Я знаю, что никогда на такой шаг не решусь. Мне не хватит отваги, чтобы пересечь невидимую черту, отделяющую жизнь от судьбы. Однако искушение чего-то иного все же настолько сильное, оно так мучает, тревожит, так выворачивает меня, что приходится, дабы остаться в здравом уме, ставить разного рода логические барьеры. В частности, замечать, что Макар Панафидин противоречит самому себе. Если люди не обращают внимания даже на такие катастрофические события, как взрыв гигантского газопровода, если их не волнует даже обозначившийся, пока, правда, в очень неопределенных чертах, распад страны, то что могут сделать митинги, собирающие лишь несколько человек? Какой в них смысл? Чем они могут привлечь?
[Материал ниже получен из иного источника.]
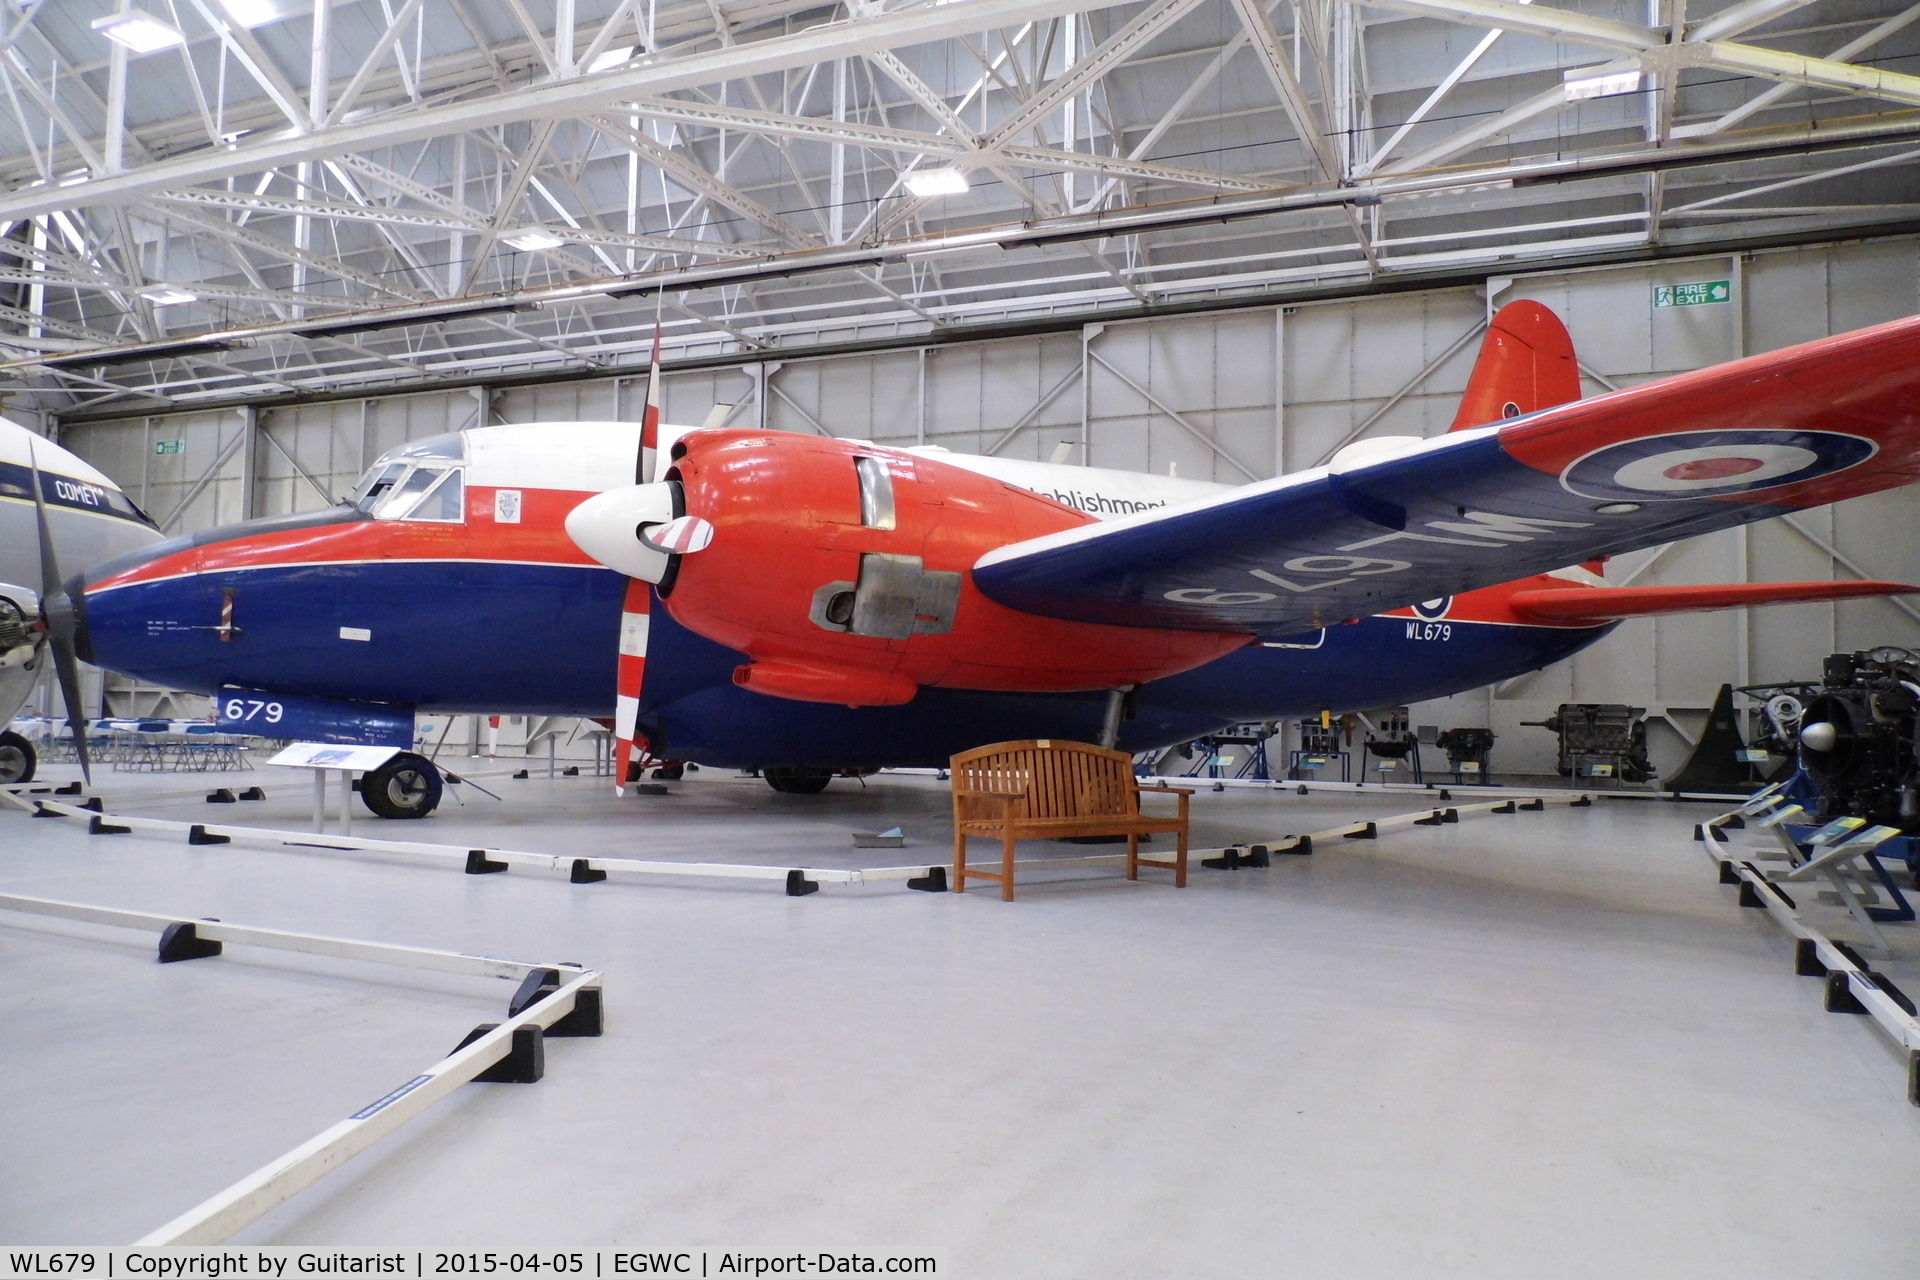 WL679, 1953 Vickers Varsity T.1 C/N Not found WL679, Cosford Air Museum

Еще одно мелкое стеклышко в путаной калейдоскопической круговерти.
Впрочем, с Макаром я в дискуссии не вступаю. И на митинги, куда он регулярно меня приглашает, тоже, разумеется, не хожу. У меня, знаете ли, хватает своих проблем. Один Леха-Бимс, с его заморочками, заменяет целый джаз-банд.
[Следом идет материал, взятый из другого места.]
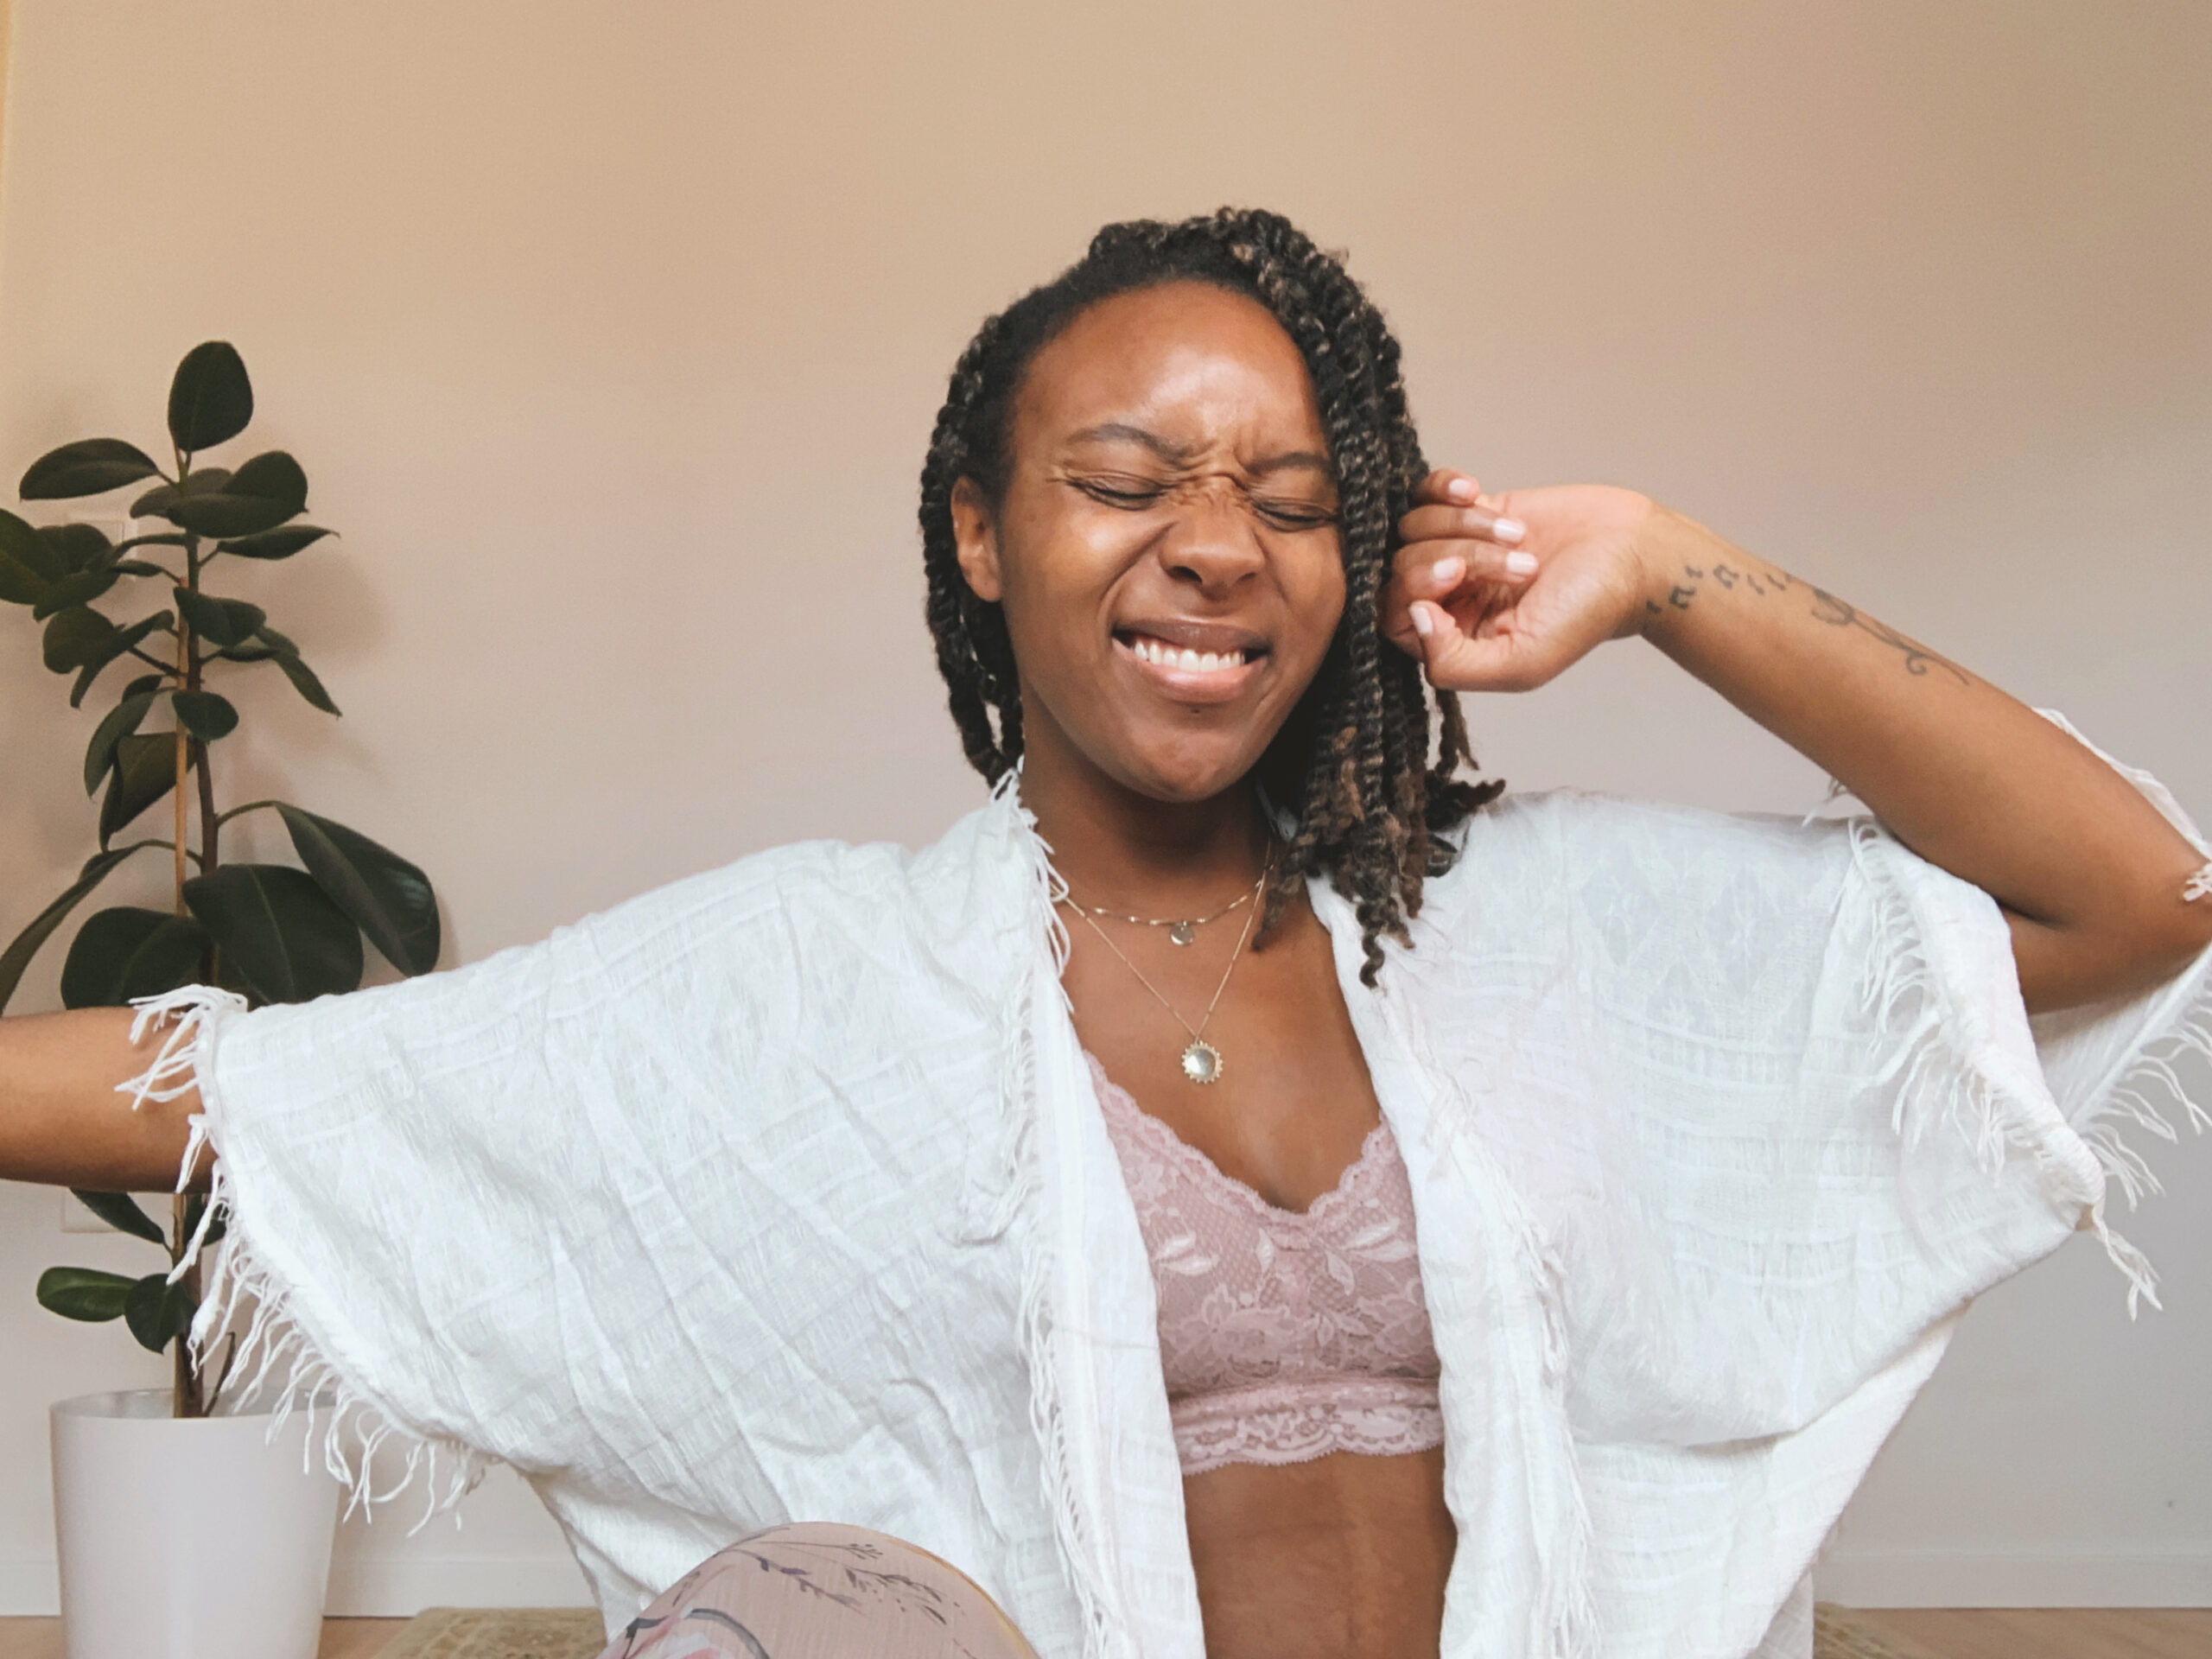 Natalie Martin, Menstrual cycle guru and black woman. Sits smiling with her eyes shut and arms outstretched She wears a white oversized shirt and bralette.

Появляется он на нашей площадке месяца три назад. До сих пор квартира, примыкающая к моей, больше года стояла совершенно пустая. Кто там виртуально наличествовал, меня, честное слово, не интересовало. И вдруг однажды дверь своим ключом открывает некое существо.
— Здравствуйте, я — ваш новый сосед!..
Меня будто хлопают по голове. Представьте себе: ярко-зеленые шорты в полосочку, красная майка с загадочным логотипом «Гугол», фиолетовый частокол лохм на башке, в ухе — серьга, с шеи свисает цепочка, на которой покачивается сюрикен. В таком виде на улицу выйти — побьют. Впрочем, Леха, как выясняется, на улицу особо и не выходит. Раз в два дня тощий чудик, по-видимому, один из его сетевых друзей, упакованный в синий халат, чем — то похожий на мумию, доставляет ему коробку, где находятся штук пять здоровенных пицц, бутылочки «Спрайта», мятная карамель.
Ничего другого Леха не признает.
— Зачем мне что-то еще?
Так что в наружном мире у Лехи дел нет. Зато в Интернете, где Леха ежедневно проводит по восемнадцать часов, он нарасхват. Одних личных ников у него, наверное, штук сорок пять. Он активный участник нескольких больших социальных сетей, модератор трех или четырех сообществ размером поменьше, мелькает на форумах, в блогах, в случайных тусовках, черт знает где. Как это он до сих пор не свихнулся? Нет, не свихнулся, энергии в нем хватает на четверых. Сближаемся мы с ним очень быстро, и уже недели через две — через три Леха, вероятно, почувствовав, что меня можно не опасаться, откровенно рассказывает, что скрывается здесь от армии. Сунулся этим летом в какой-то продвинутый институт, завалил по глупости, теперь надо где-то перекантоваться. В самом деле — не в военкомат же идти.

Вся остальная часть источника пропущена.